We can create a dictionary object where each key is the class value and then add a list of all the records as the value in the dictionary.

In [1]:
# Split the dataset by class values, returns a dictionary
def separate_by_class(dataset):
    separated = dict()
    for i in range(len(dataset)):
        vector = dataset[i]
        class_value = vector[-1]  # dependient class
        if (class_value not in separated):
            separated[class_value] = list()
        separated[class_value].append(vector)
    return separated

In [4]:
# Test separating data by class
dataset = [[3.393533211,2.331273381,0],
           [3.110073483,1.781539638,0],
           [1.343808831,3.368360954,0],
           [3.582294042,4.67917911,0],
           [2.280362439,2.866990263,0],
           [7.423436942,4.696522875,1],
           [5.745051997,3.533989803,1],
           [9.172168622,2.511101045,1],
           [7.792783481,3.424088941,1],
           [7.939820817,0.791637231,1]]

separated = separate_by_class(dataset)

In [3]:
for label in separated:
    print(label)
    for row in separated[label]:
        print(row)

0
[3.393533211, 2.331273381, 0]
[3.110073483, 1.781539638, 0]
[1.343808831, 3.368360954, 0]
[3.582294042, 4.67917911, 0]
[2.280362439, 2.866990263, 0]
1
[7.423436942, 4.696522875, 1]
[5.745051997, 3.533989803, 1]
[9.172168622, 2.511101045, 1]
[7.792783481, 3.424088941, 1]
[7.939820817, 0.791637231, 1]


## Step 2: Summarize Dataset
We need two statistics from a given set of data.

We’ll see how these statistics are used in the calculation of probabilities in a few steps. The two statistics we require from a given dataset are the mean and the standard deviation (average deviation from the mean).

The mean is the average value and can be calculated as:

$mean = sum(x)/n * count(x)$

In [6]:
# Calculate the mean of a list of numbers
def mean(numbers):
    return sum(numbers)/float(len(numbers))

In [5]:
from math import sqrt

# Calculate the standard deviation of a list of numbers
def stdev(numbers):
    avg = mean(numbers)
    variance = sum([(x-avg)**2 for x in numbers]) / float(len(numbers)-1)
    return sqrt(variance)

We require the mean and standard deviation statistics to be calculated for each input attribute or each column of our data.
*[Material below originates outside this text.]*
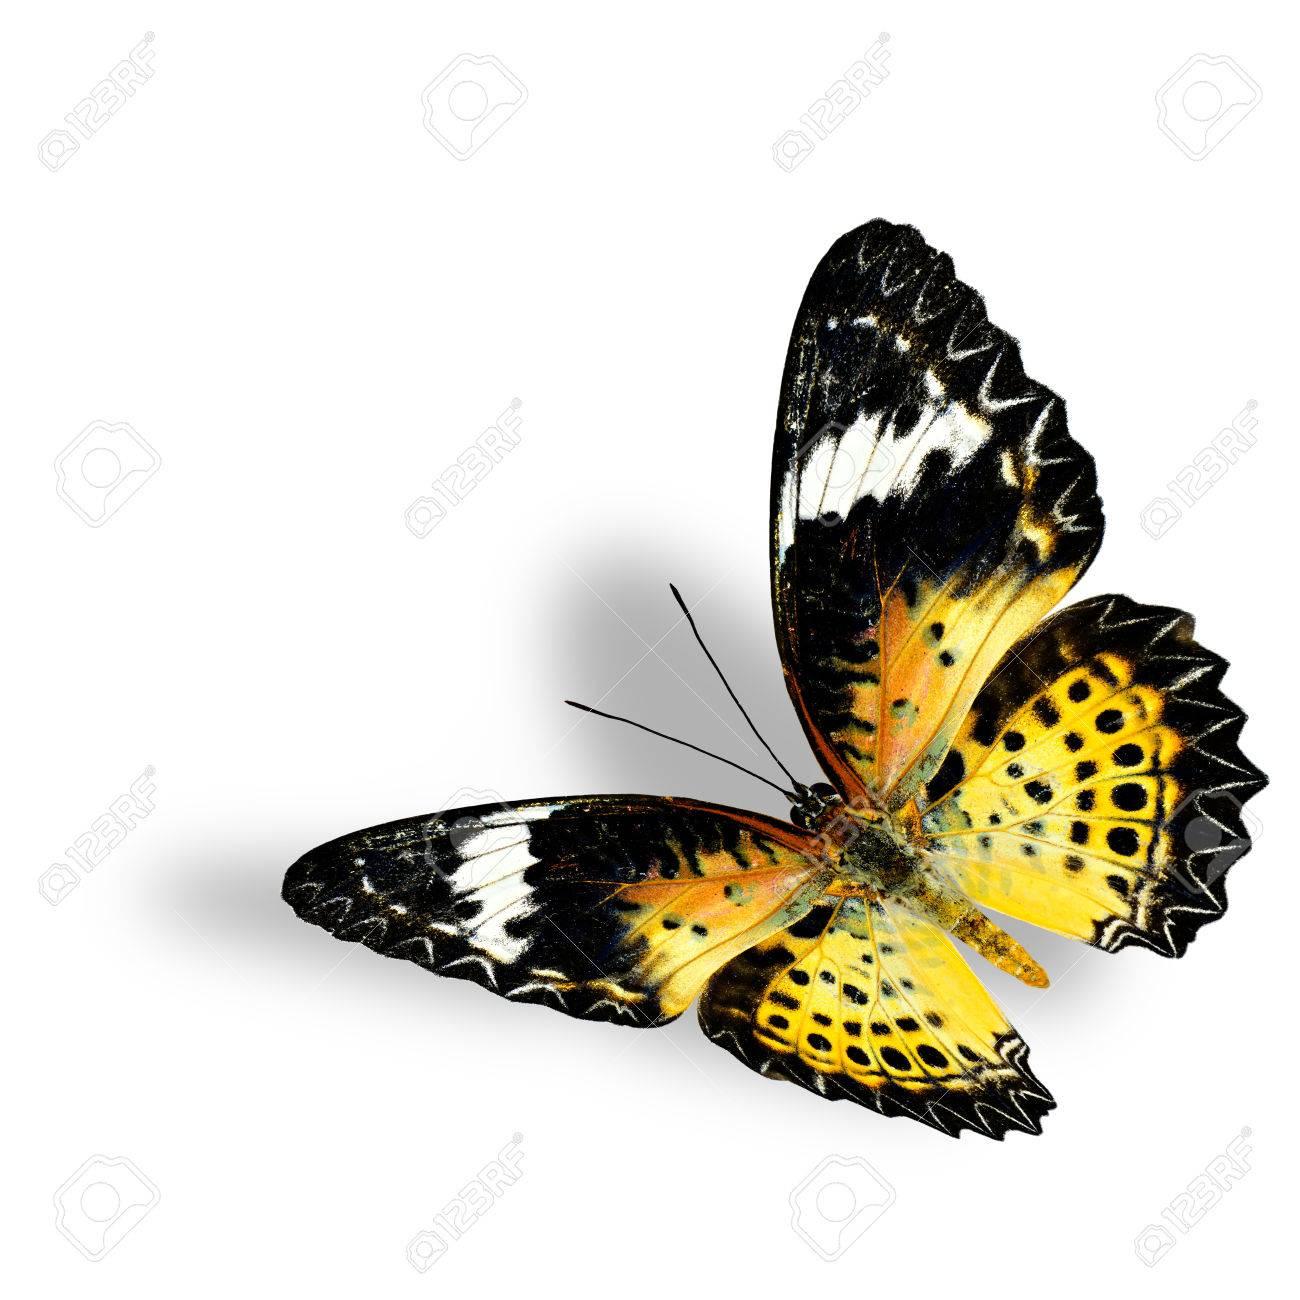 Ausgezeichnet Schmetterling Lebenszyklus Färbung Seite ...

We can do that by gathering all of the values for each column into a list and calculating the mean and standard deviation on that list. Once calculated, we can gather the statistics together into a list or tuple of statistics. Then, repeat this operation for each column in the dataset and return a list of tuples of statistics.

In [7]:
# Calculate the mean, stdev and count for each column in a dataset
def summarize_dataset(dataset):
    summaries = [(mean(column), stdev(column), len(column)) for column in zip(*dataset)]
    del(summaries[-1])
    return summaries

>The first trick is the use of the zip() function that will aggregate elements from each provided argument. We pass in the dataset to the zip() function with the * operator that separates the dataset (that is a list of lists) into separate lists for each row. The zip() function then iterates over each element of each row and returns a column from the dataset as a list of numbers. A clever little trick.

We then calculate the mean, standard deviation and count of rows in each column. A tuple is created from these 3 numbers and a list of these tuples is stored. We then remove the statistics for the class variable as we will not need these statistics.

In [8]:
# Test summarizing a dataset
summary = summarize_dataset(dataset)
print(summary)

[(5.178333386499999, 2.7665845055177263, 10), (2.9984683241, 1.218556343617447, 10)]


>Interpreting the results, we can see that the mean value of X1 is 5.178333386499999 and the standard deviation of X1 is 2.7665845055177263.